▸ **TASK OBJECTIVE**:
Take the lines below from the one with "Achat de jeux" through the one with "Caso prefira, o" and retype them exactly. Include nothing else, and no pictures.

▸ **GIVEN ENTRIES**:
++++++++++++++++++++

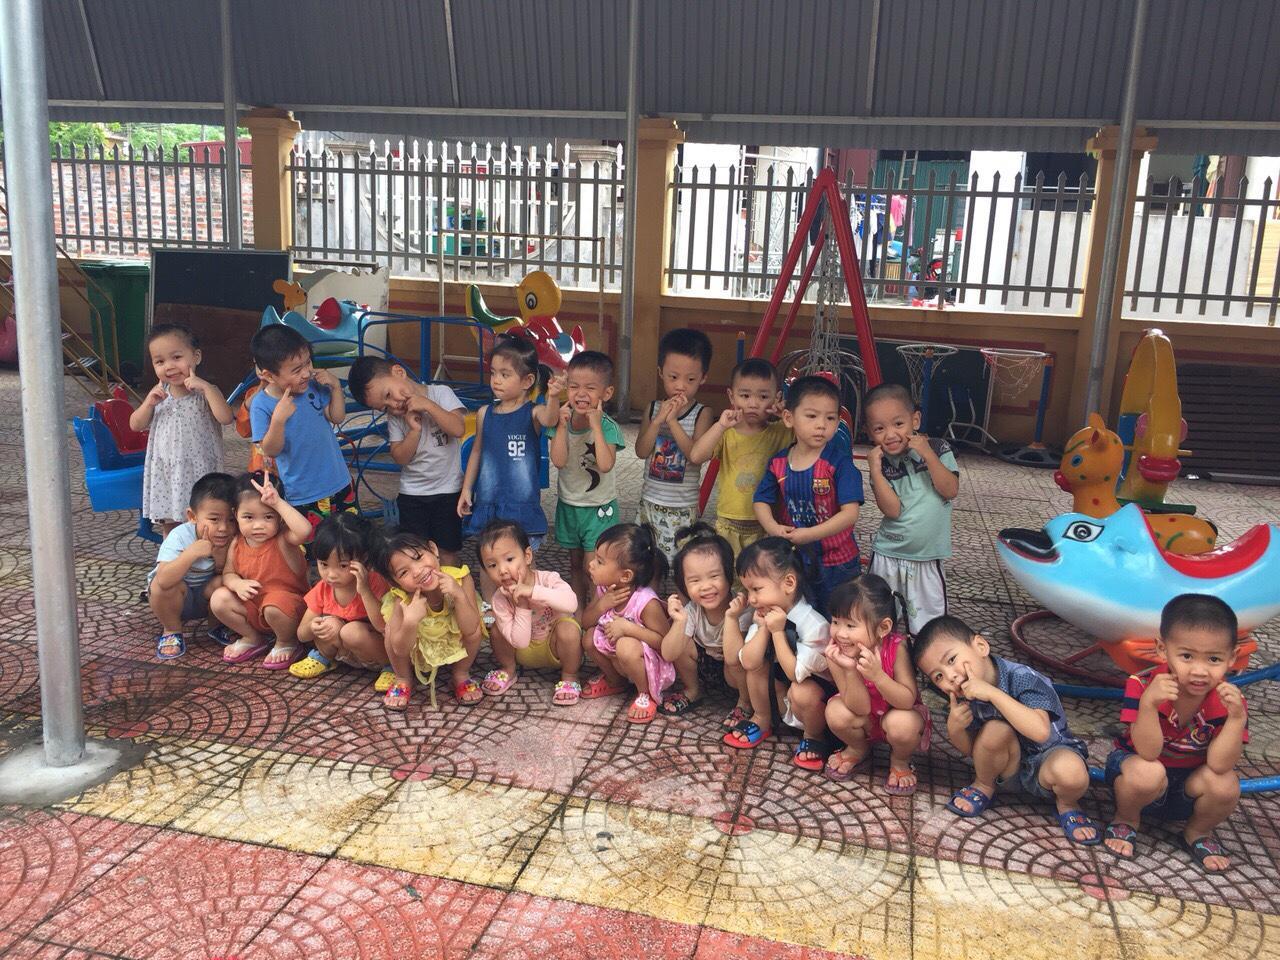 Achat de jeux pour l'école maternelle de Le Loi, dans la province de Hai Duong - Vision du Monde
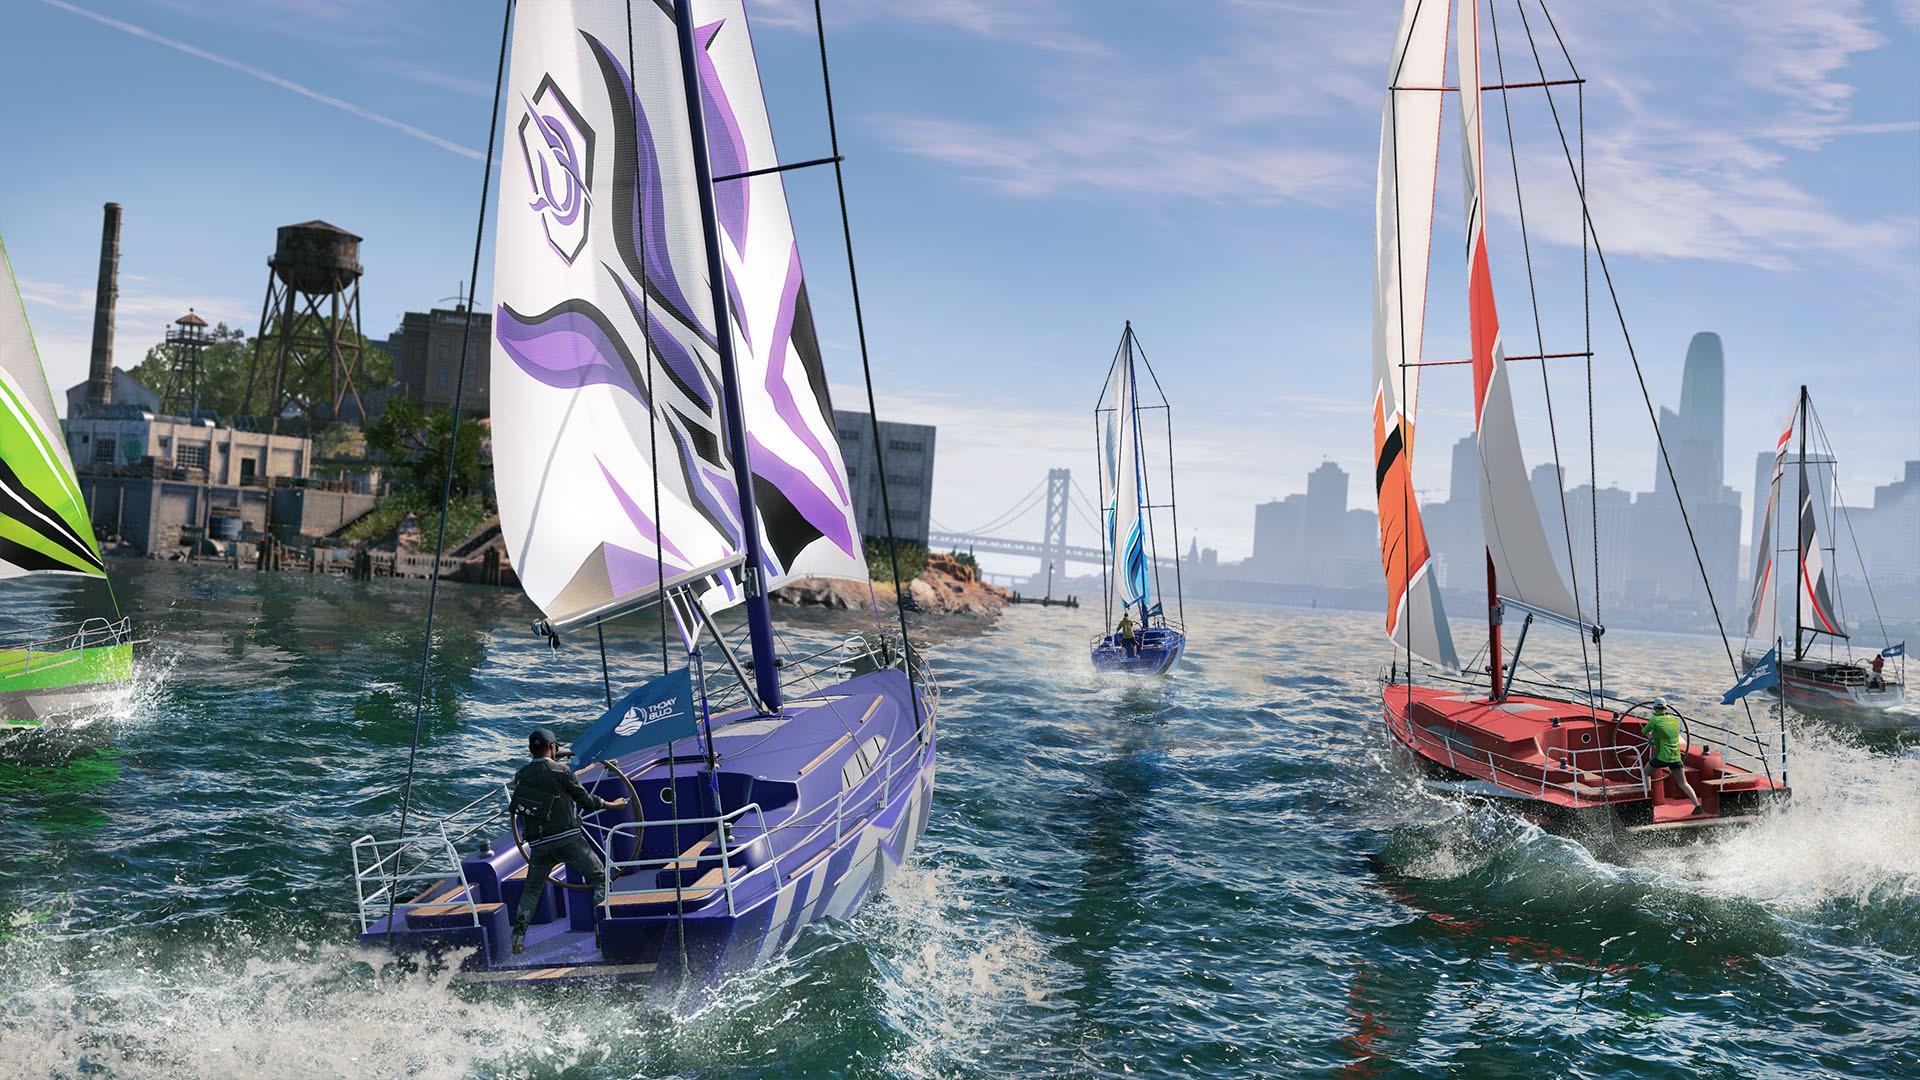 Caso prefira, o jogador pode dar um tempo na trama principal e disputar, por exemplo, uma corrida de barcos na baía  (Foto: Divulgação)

++++++++++++++++++++

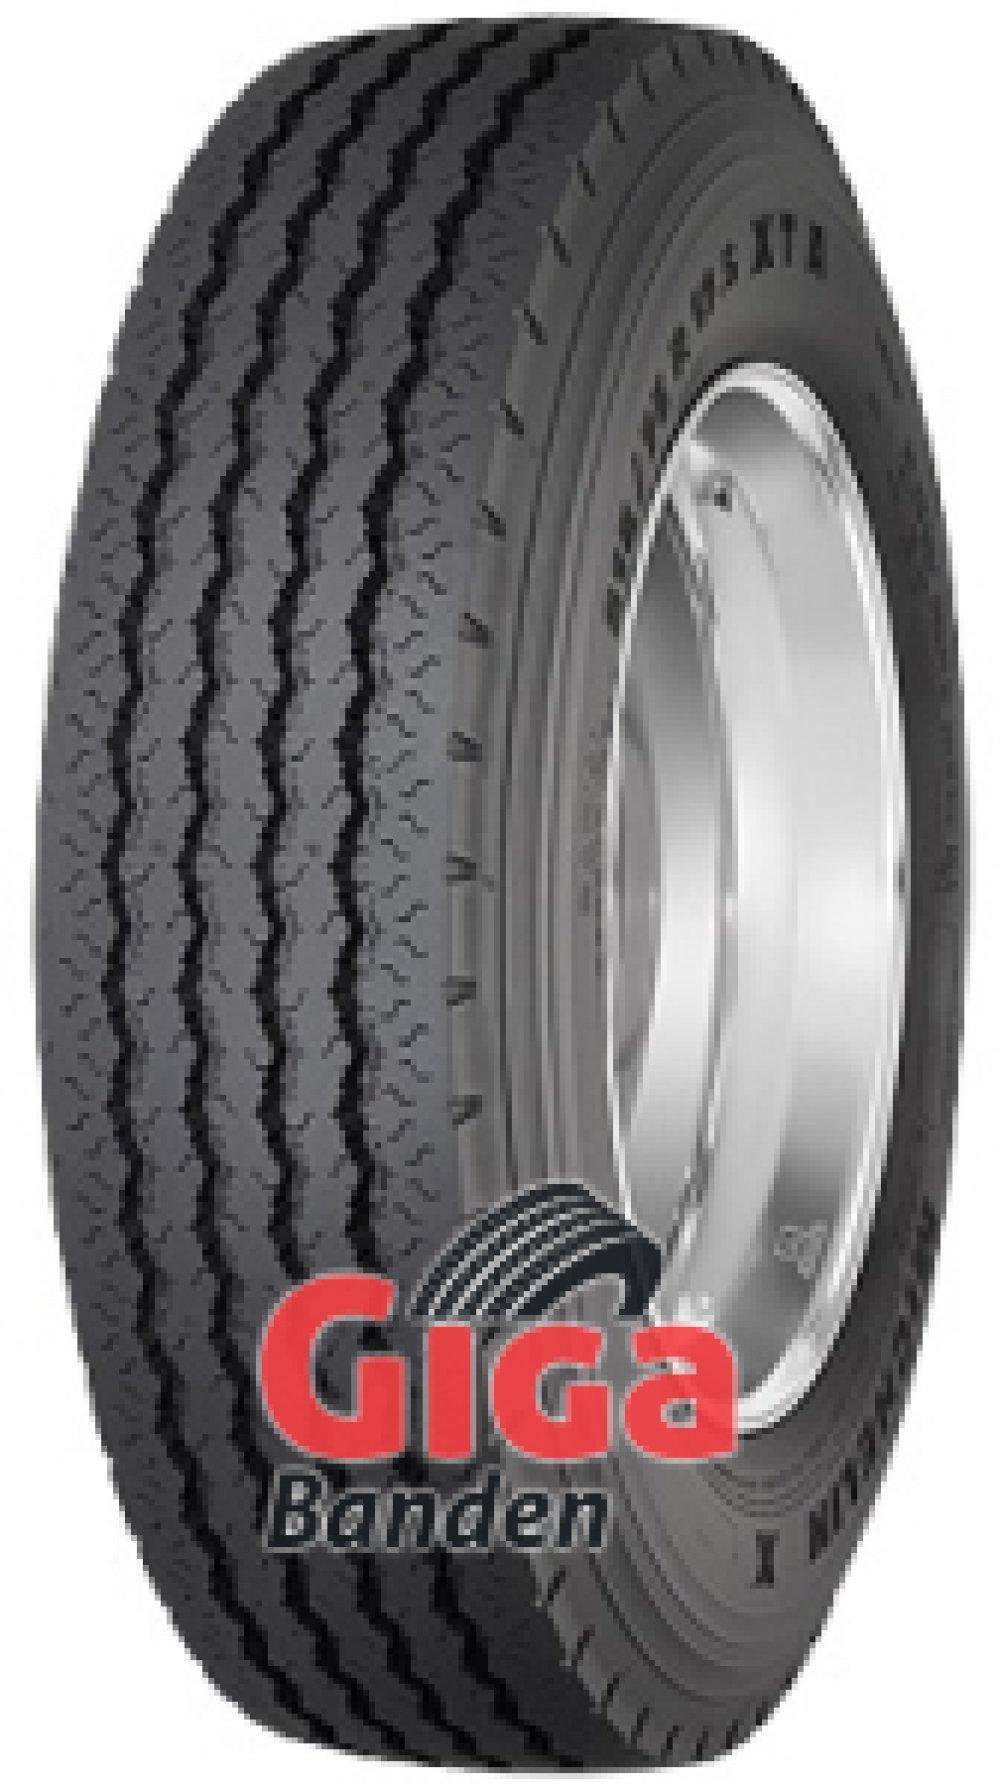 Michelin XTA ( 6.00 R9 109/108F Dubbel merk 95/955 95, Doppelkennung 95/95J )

++++++++++++++++++++

▸ **ANSWER SPACE**:
 Achat de jeux pour l'école maternelle de Le Loi, dans la province de Hai Duong - Vision du Monde
 Caso prefira, o jogador pode dar um tempo na trama principal e disputar, por exemplo, uma corrida de barcos na baía  (Foto: Divulgação)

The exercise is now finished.